Work task ▸
Pictures aside, repeat the whole listing word for word.

Recorded data ▸

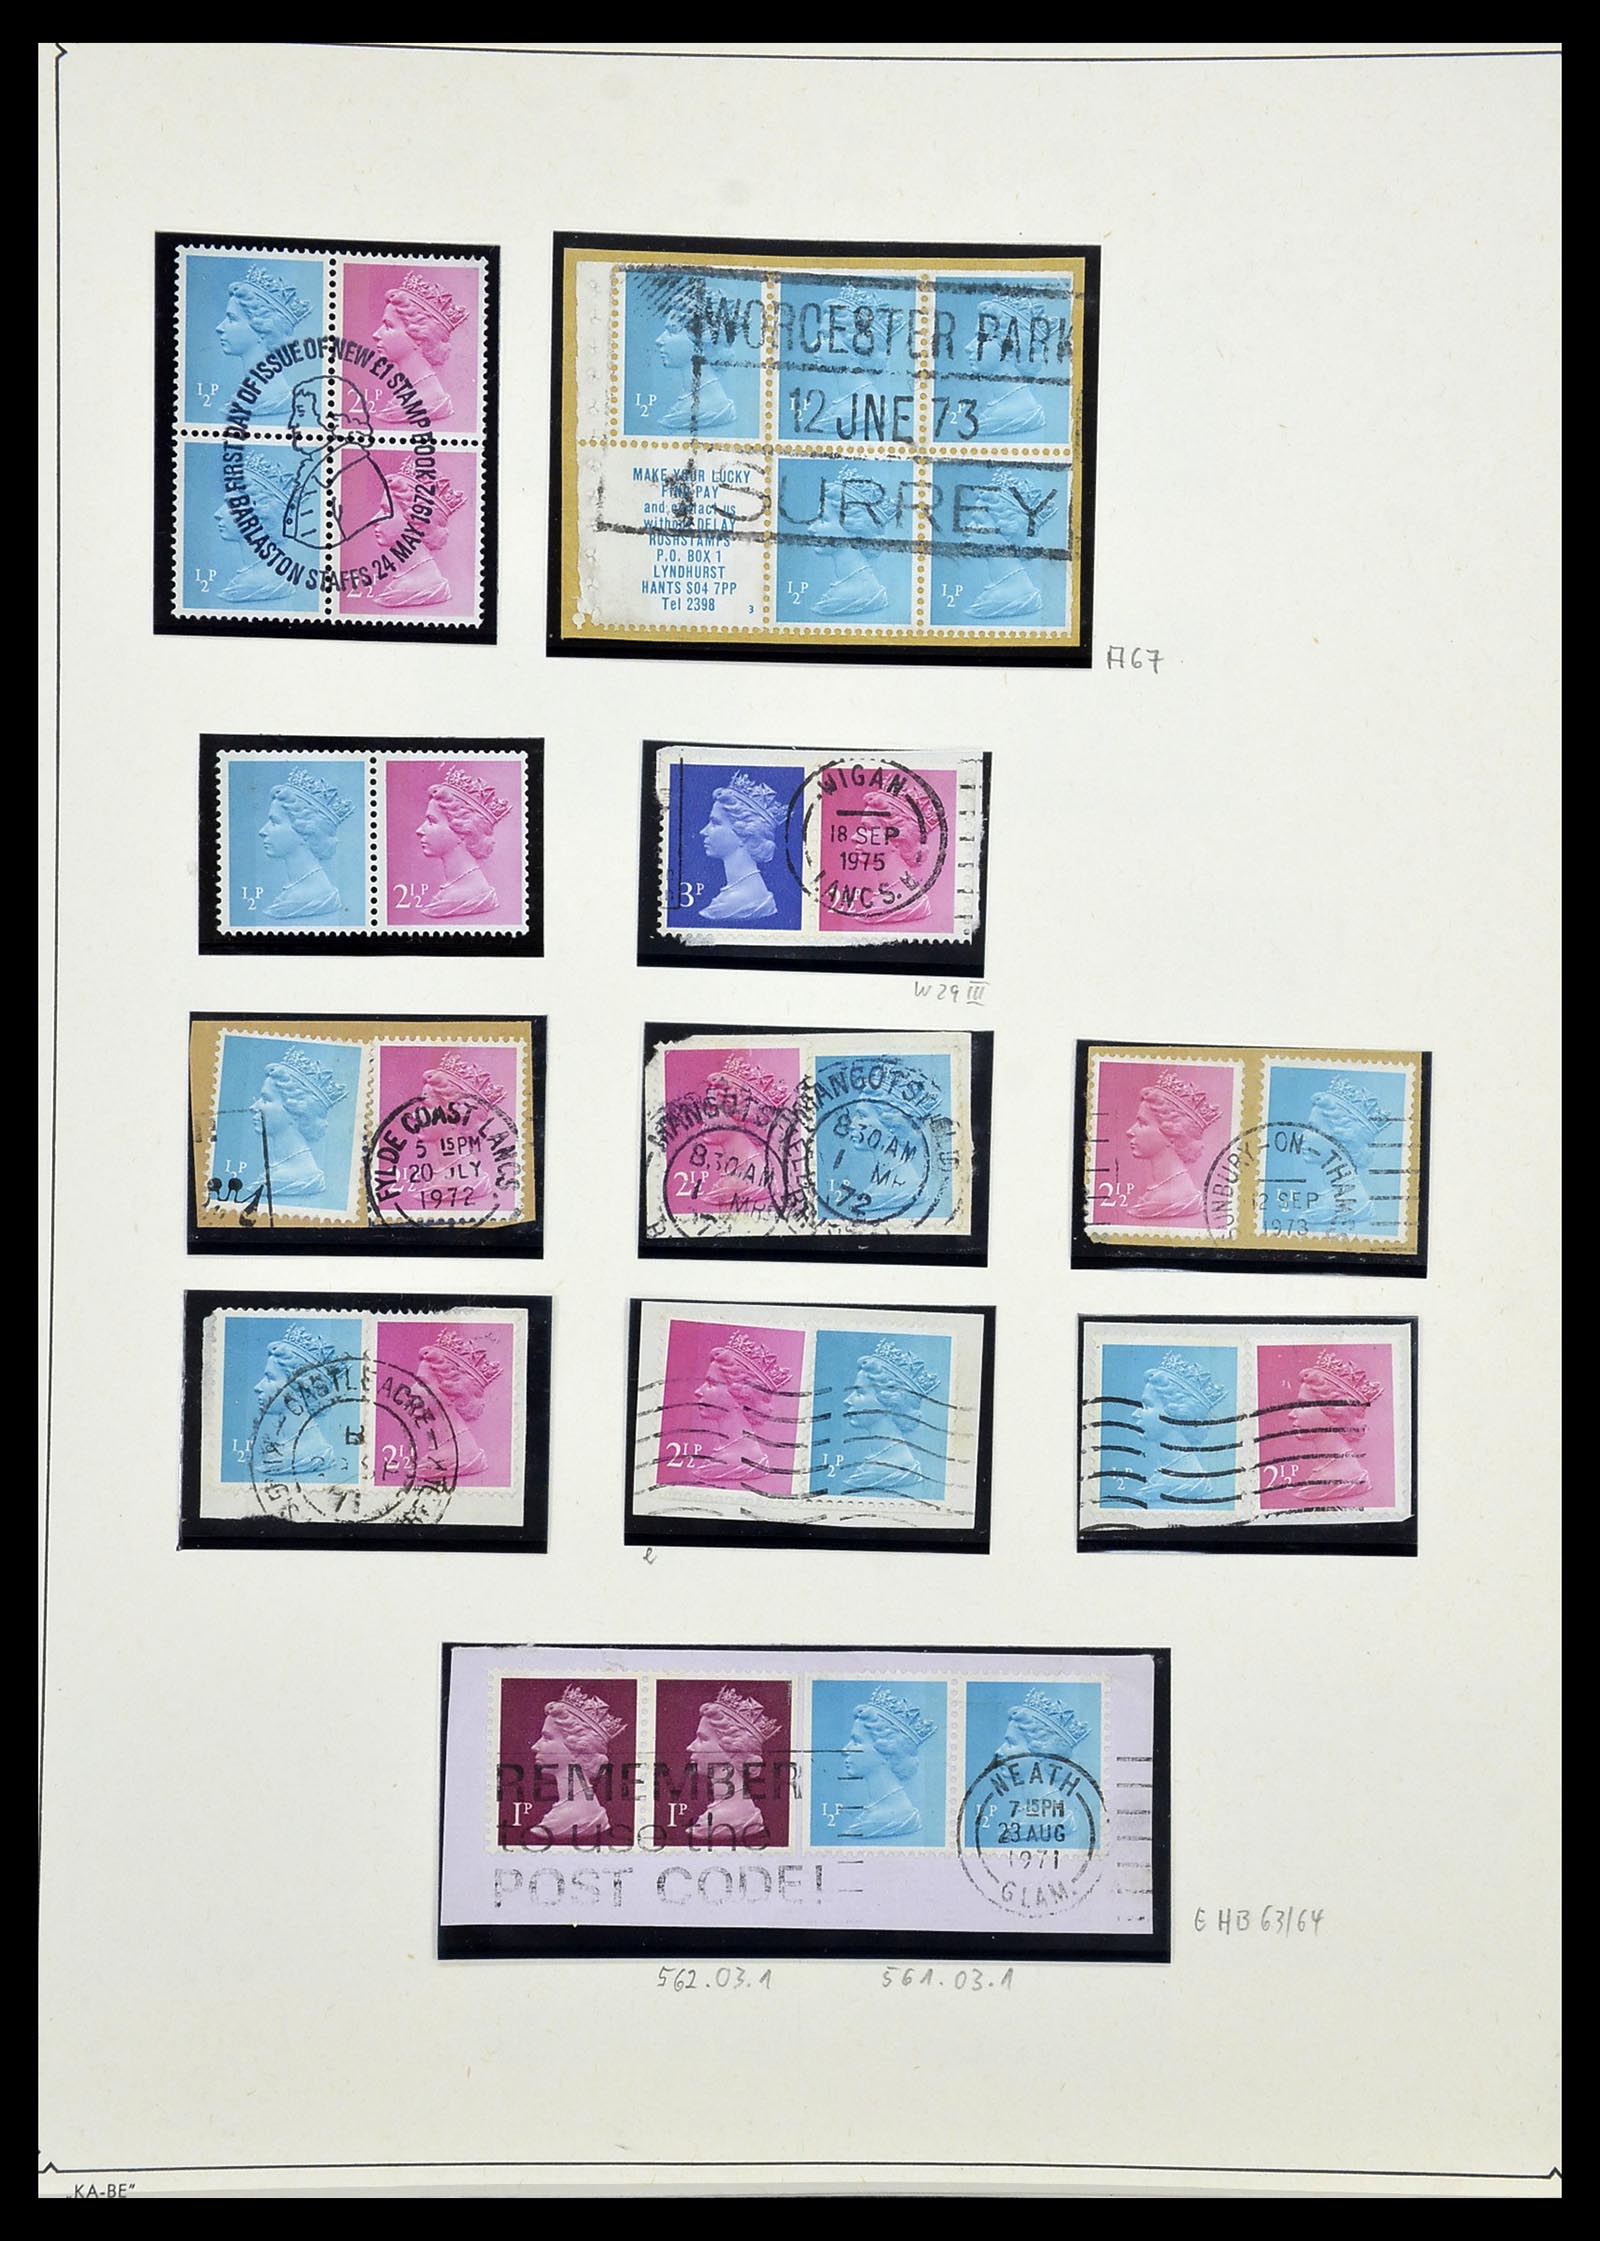 34221 190 - Stamp collection 34221 Great Britain Machins/castles 1971-2005.
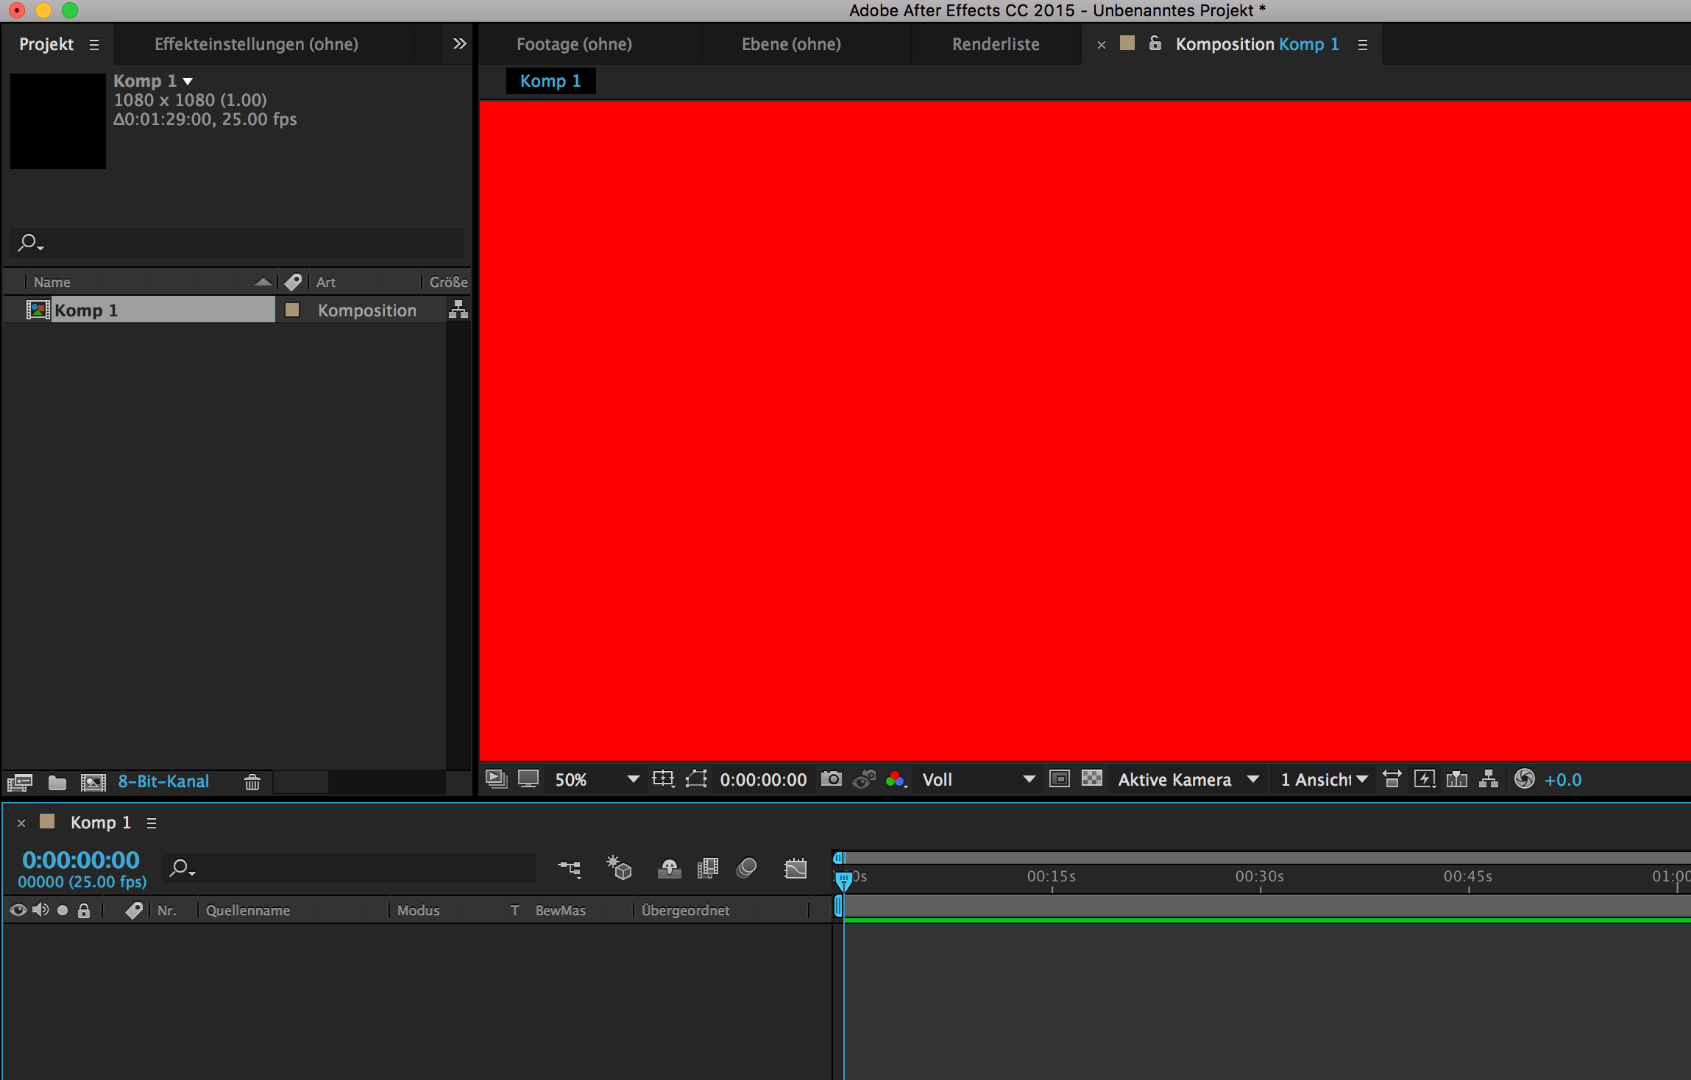 Adobe After Effects: Strange red use... - Adobe Support Community - 10012227
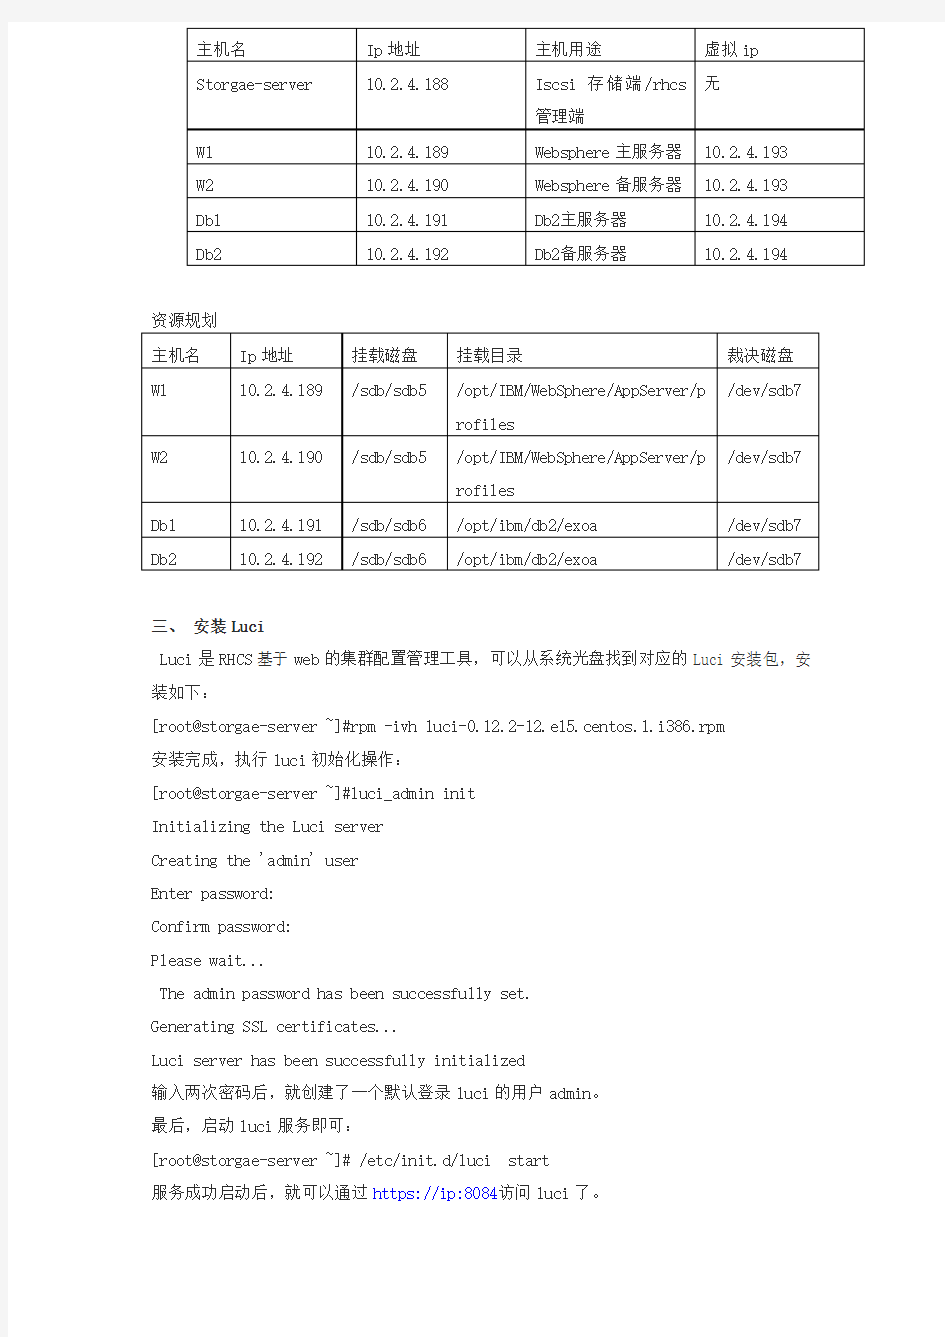 Rhcs集群部署文档
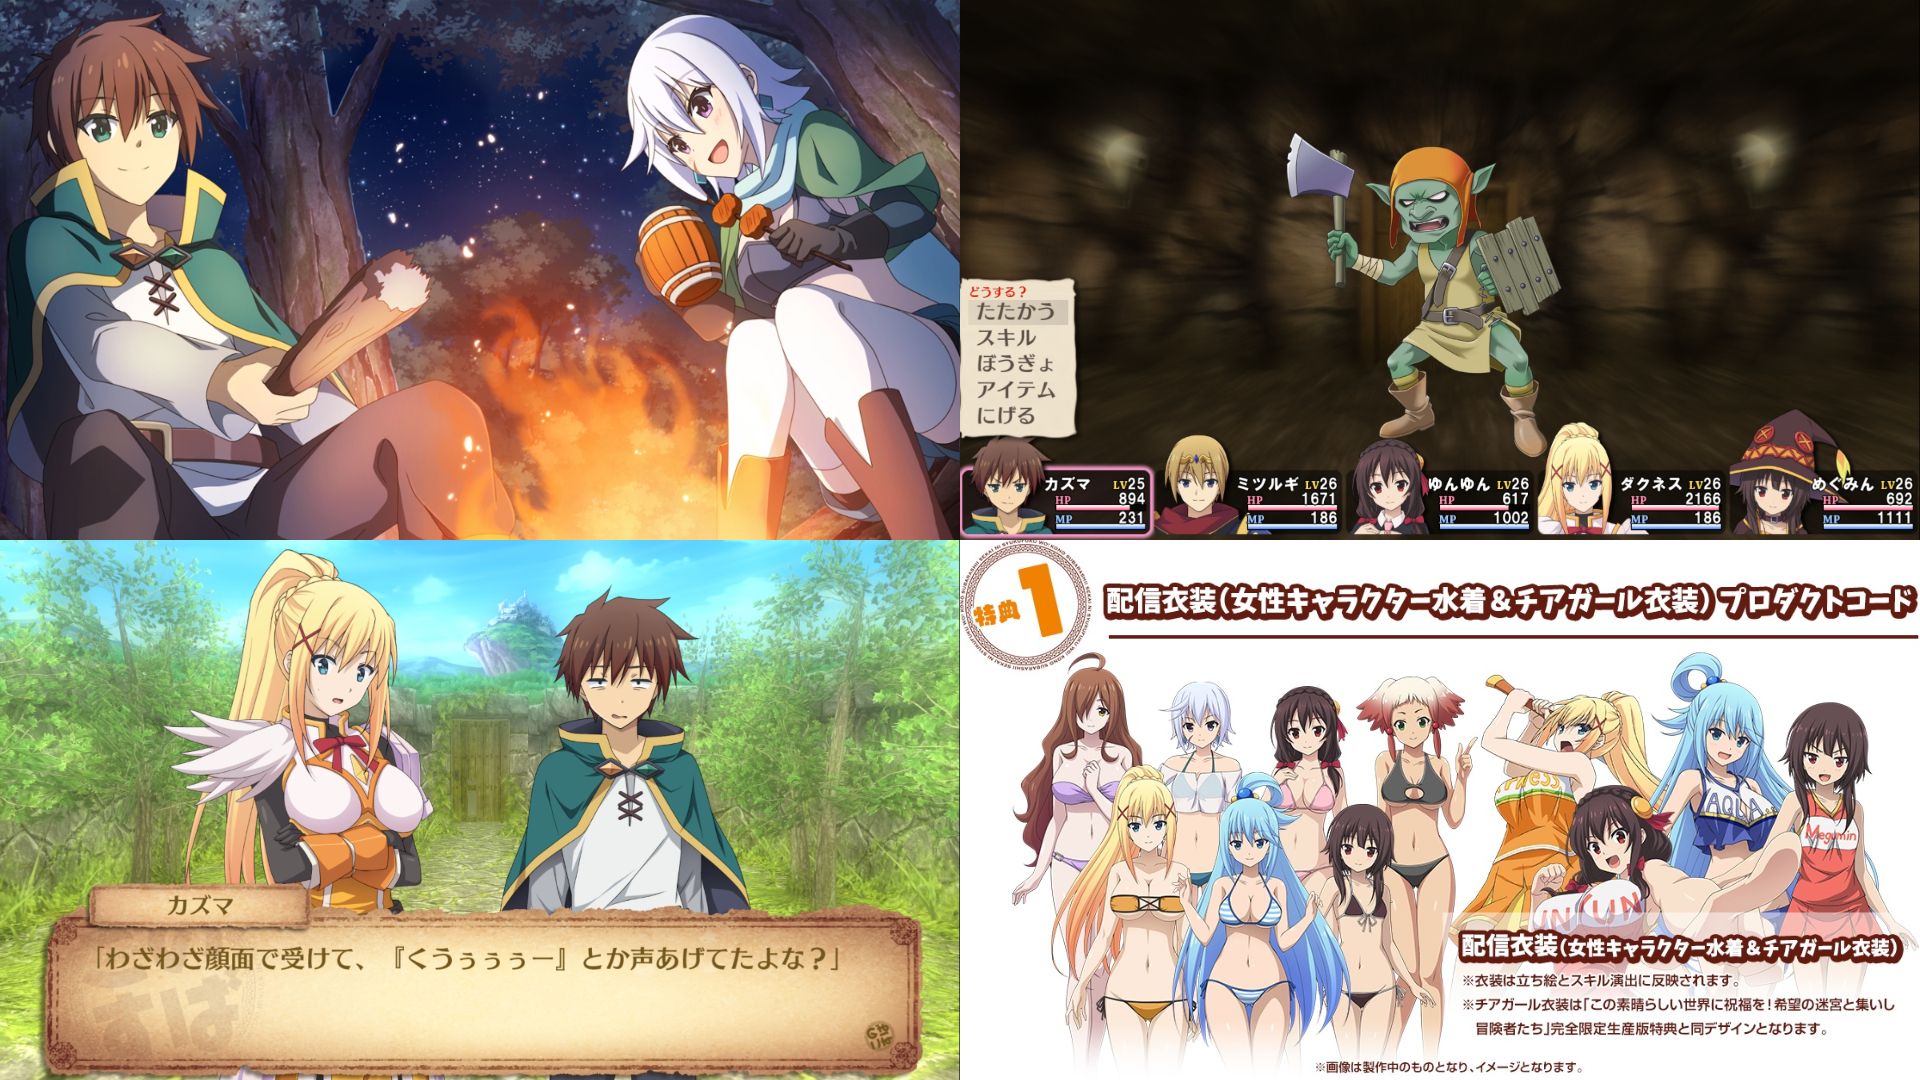 KonoSuba God's Blessing on this Wonderful World! Labyrinth of Hope and the Gathering Adventurers Plus feature

Reply ▸
 34221 190 - Stamp collection 34221 Great Britain Machins/castles 1971-2005.
 Adobe After Effects: Strange red use... - Adobe Support Community - 10012227
 Rhcs集群部署文档
 KonoSuba God's Blessing on this Wonderful World! Labyrinth of Hope and the Gathering Adventurers Plus feature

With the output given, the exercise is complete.